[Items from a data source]

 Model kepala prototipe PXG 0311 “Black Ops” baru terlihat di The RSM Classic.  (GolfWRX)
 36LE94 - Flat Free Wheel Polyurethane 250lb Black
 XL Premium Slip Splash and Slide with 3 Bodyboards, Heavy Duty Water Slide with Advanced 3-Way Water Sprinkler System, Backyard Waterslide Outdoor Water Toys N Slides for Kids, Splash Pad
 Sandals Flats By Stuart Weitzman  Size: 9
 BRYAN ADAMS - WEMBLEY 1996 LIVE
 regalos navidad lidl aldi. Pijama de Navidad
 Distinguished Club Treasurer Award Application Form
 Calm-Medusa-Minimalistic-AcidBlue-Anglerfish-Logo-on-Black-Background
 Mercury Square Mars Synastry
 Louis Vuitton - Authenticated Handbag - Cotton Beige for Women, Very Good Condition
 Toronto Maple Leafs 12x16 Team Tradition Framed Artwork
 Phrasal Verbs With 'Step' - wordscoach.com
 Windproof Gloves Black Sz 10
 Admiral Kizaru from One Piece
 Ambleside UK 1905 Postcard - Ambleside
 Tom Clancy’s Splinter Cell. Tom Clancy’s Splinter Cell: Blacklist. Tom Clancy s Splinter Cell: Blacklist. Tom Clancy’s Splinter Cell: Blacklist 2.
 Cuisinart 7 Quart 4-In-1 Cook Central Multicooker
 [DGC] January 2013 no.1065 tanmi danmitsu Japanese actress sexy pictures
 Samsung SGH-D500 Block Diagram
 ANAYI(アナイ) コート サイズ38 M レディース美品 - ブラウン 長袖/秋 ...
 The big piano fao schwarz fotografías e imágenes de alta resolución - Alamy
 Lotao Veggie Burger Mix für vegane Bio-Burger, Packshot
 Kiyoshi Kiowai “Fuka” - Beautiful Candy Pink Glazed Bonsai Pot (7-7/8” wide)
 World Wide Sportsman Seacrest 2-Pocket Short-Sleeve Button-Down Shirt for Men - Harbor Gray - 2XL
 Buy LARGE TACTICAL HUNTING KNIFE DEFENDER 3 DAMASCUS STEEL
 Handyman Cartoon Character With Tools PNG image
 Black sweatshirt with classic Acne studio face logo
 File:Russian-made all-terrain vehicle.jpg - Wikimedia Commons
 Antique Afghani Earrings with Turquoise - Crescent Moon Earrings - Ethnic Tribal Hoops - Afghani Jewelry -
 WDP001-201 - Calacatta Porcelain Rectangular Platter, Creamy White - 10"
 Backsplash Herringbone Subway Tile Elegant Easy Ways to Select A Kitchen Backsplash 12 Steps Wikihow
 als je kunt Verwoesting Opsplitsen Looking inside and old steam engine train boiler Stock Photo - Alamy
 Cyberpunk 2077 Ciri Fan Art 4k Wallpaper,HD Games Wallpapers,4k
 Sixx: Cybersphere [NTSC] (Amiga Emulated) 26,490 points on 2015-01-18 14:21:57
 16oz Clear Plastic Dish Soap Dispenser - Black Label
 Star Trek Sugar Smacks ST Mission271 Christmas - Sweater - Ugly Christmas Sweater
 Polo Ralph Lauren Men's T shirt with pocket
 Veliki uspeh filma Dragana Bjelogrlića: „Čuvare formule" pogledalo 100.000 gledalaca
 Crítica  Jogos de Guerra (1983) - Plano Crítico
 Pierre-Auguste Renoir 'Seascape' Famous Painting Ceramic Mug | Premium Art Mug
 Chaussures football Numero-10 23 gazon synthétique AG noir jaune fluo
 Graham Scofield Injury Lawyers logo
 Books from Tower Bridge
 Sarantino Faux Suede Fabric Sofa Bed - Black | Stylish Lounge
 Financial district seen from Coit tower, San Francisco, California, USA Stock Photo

### Exercise prompt
Every line above from the line with "Louis Vuitton - Authenticated" to the line with "Cyberpunk 2077 Ciri" is wanted, ends included; write them out exactly and add no other line.

### Task answer
 Louis Vuitton - Authenticated Handbag - Cotton Beige for Women, Very Good Condition
 Toronto Maple Leafs 12x16 Team Tradition Framed Artwork
 Phrasal Verbs With 'Step' - wordscoach.com
 Windproof Gloves Black Sz 10
 Admiral Kizaru from One Piece
 Ambleside UK 1905 Postcard - Ambleside
 Tom Clancy’s Splinter Cell. Tom Clancy’s Splinter Cell: Blacklist. Tom Clancy s Splinter Cell: Blacklist. Tom Clancy’s Splinter Cell: Blacklist 2.
 Cuisinart 7 Quart 4-In-1 Cook Central Multicooker
 [DGC] January 2013 no.1065 tanmi danmitsu Japanese actress sexy pictures
 Samsung SGH-D500 Block Diagram
 ANAYI(アナイ) コート サイズ38 M レディース美品 - ブラウン 長袖/秋 ...
 The big piano fao schwarz fotografías e imágenes de alta resolución - Alamy
 Lotao Veggie Burger Mix für vegane Bio-Burger, Packshot
 Kiyoshi Kiowai “Fuka” - Beautiful Candy Pink Glazed Bonsai Pot (7-7/8” wide)
 World Wide Sportsman Seacrest 2-Pocket Short-Sleeve Button-Down Shirt for Men - Harbor Gray - 2XL
 Buy LARGE TACTICAL HUNTING KNIFE DEFENDER 3 DAMASCUS STEEL
 Handyman Cartoon Character With Tools PNG image
 Black sweatshirt with classic Acne studio face logo
 File:Russian-made all-terrain vehicle.jpg - Wikimedia Commons
 Antique Afghani Earrings with Turquoise - Crescent Moon Earrings - Ethnic Tribal Hoops - Afghani Jewelry -
 WDP001-201 - Calacatta Porcelain Rectangular Platter, Creamy White - 10"
 Backsplash Herringbone Subway Tile Elegant Easy Ways to Select A Kitchen Backsplash 12 Steps Wikihow
 als je kunt Verwoesting Opsplitsen Looking inside and old steam engine train boiler Stock Photo - Alamy
 Cyberpunk 2077 Ciri Fan Art 4k Wallpaper,HD Games Wallpapers,4k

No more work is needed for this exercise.